▶ WHAT YOU NEED TO DO
Restate the data word for word and leave the images out.

▶ SUPPLIED INFORMATION

▼

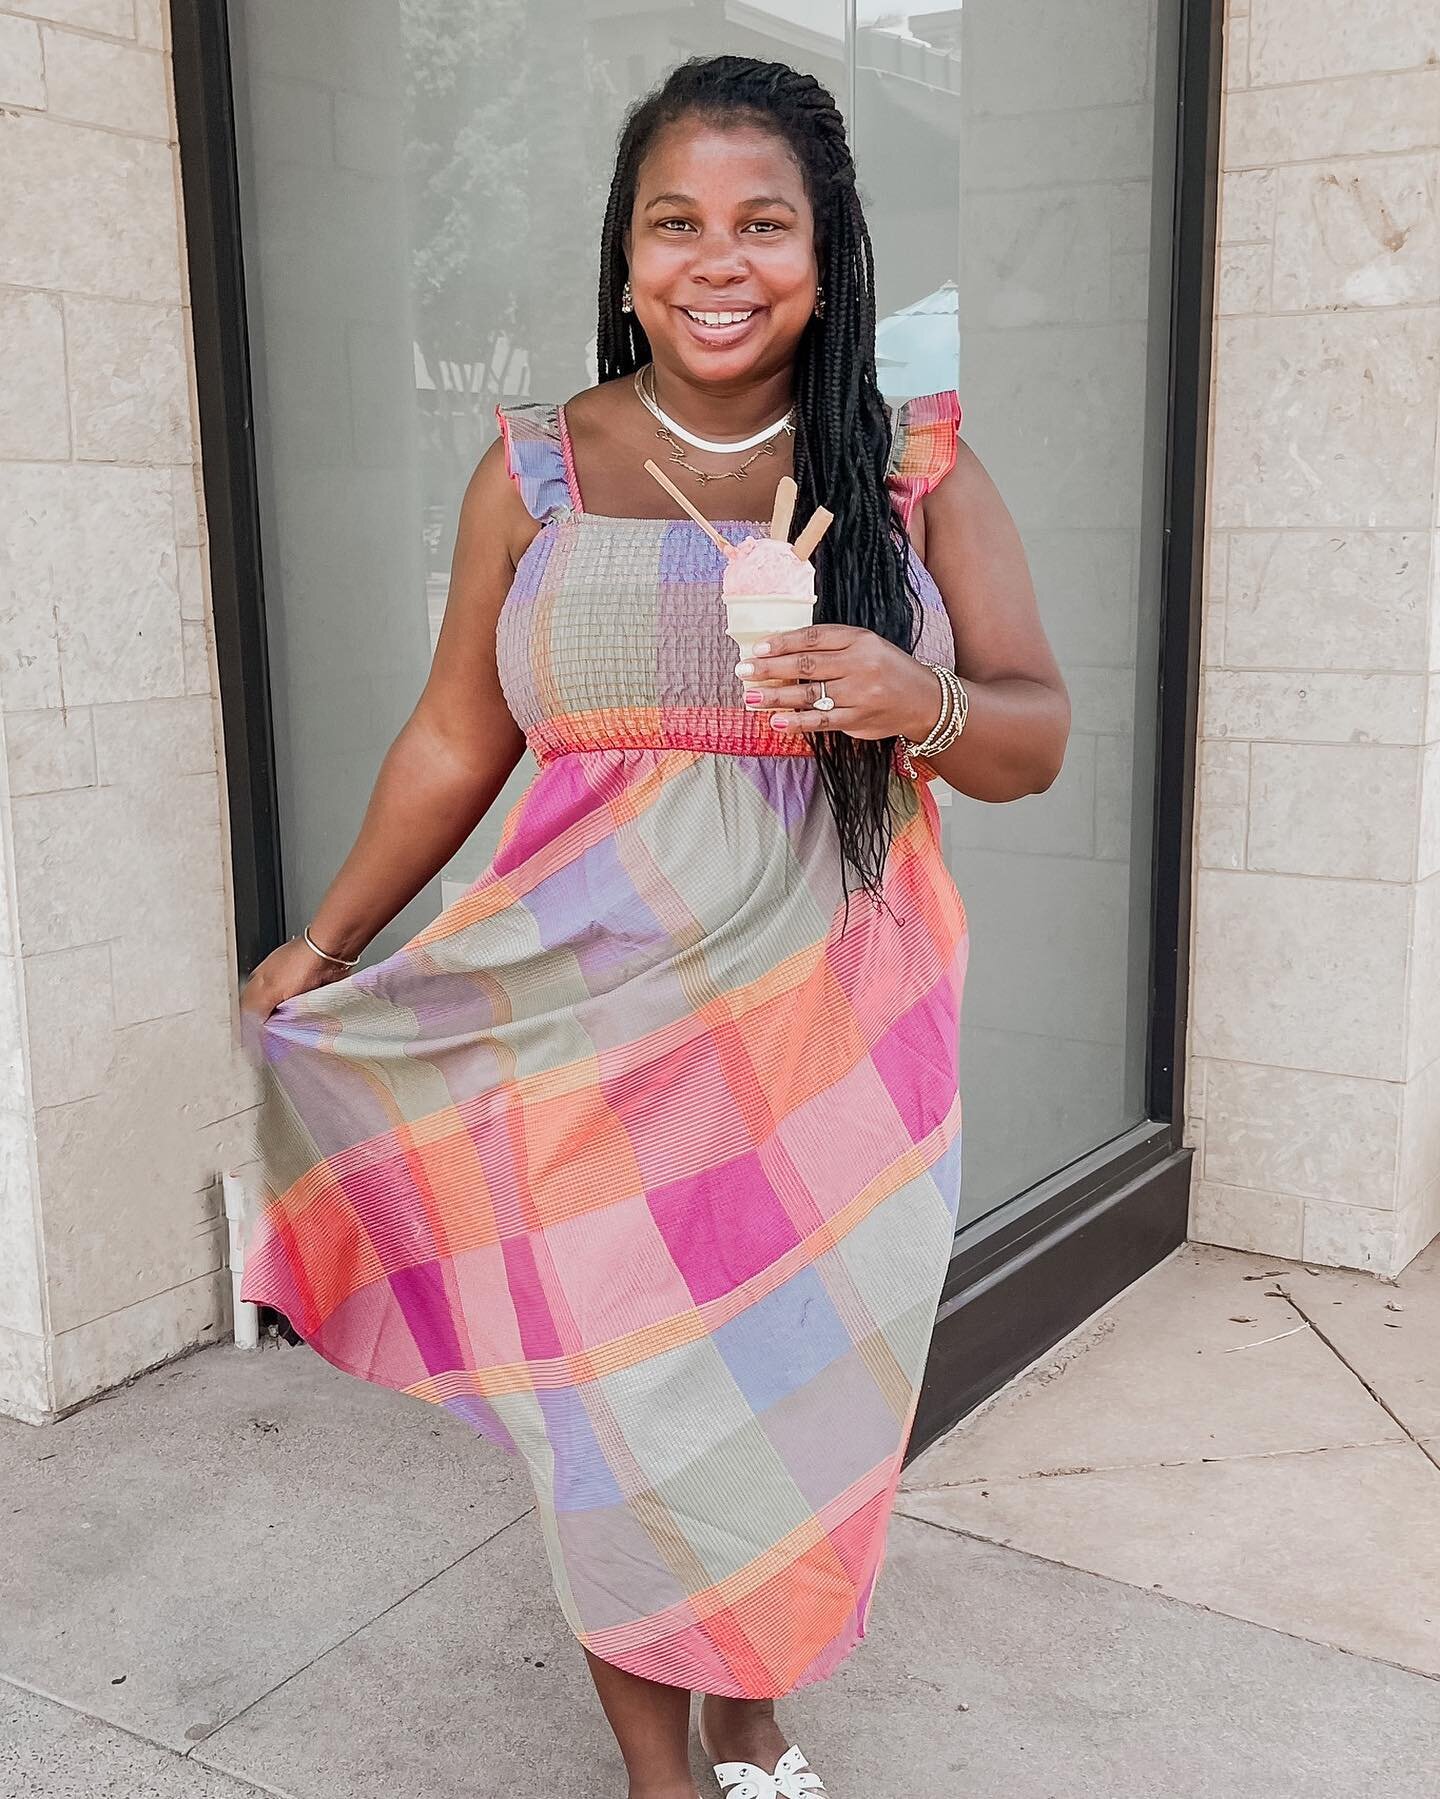 𝘚𝘶𝘮𝘮𝘦𝘳 𝘪𝘴 𝘤𝘰𝘮𝘪𝘯𝘨 𝘪𝘯 𝘏𝘖𝘛! 🔥⁣
⁣
Y&rsquo;all! I&rsquo;m ready for the summer and all the cute fashion that goes along with it! And can I just say Walmart&rsquo;s new summer collection is giving me everything it is supposed to GIVE! P

▲

▶ RESULT FOR THIS EXERCISE
 𝘚𝘶𝘮𝘮𝘦𝘳 𝘪𝘴 𝘤𝘰𝘮𝘪𝘯𝘨 𝘪𝘯 𝘏𝘖𝘛! 🔥⁣
⁣
Y&rsquo;all! I&rsquo;m ready for the summer and all the cute fashion that goes along with it! And can I just say Walmart&rsquo;s new summer collection is giving me everything it is supposed to GIVE! P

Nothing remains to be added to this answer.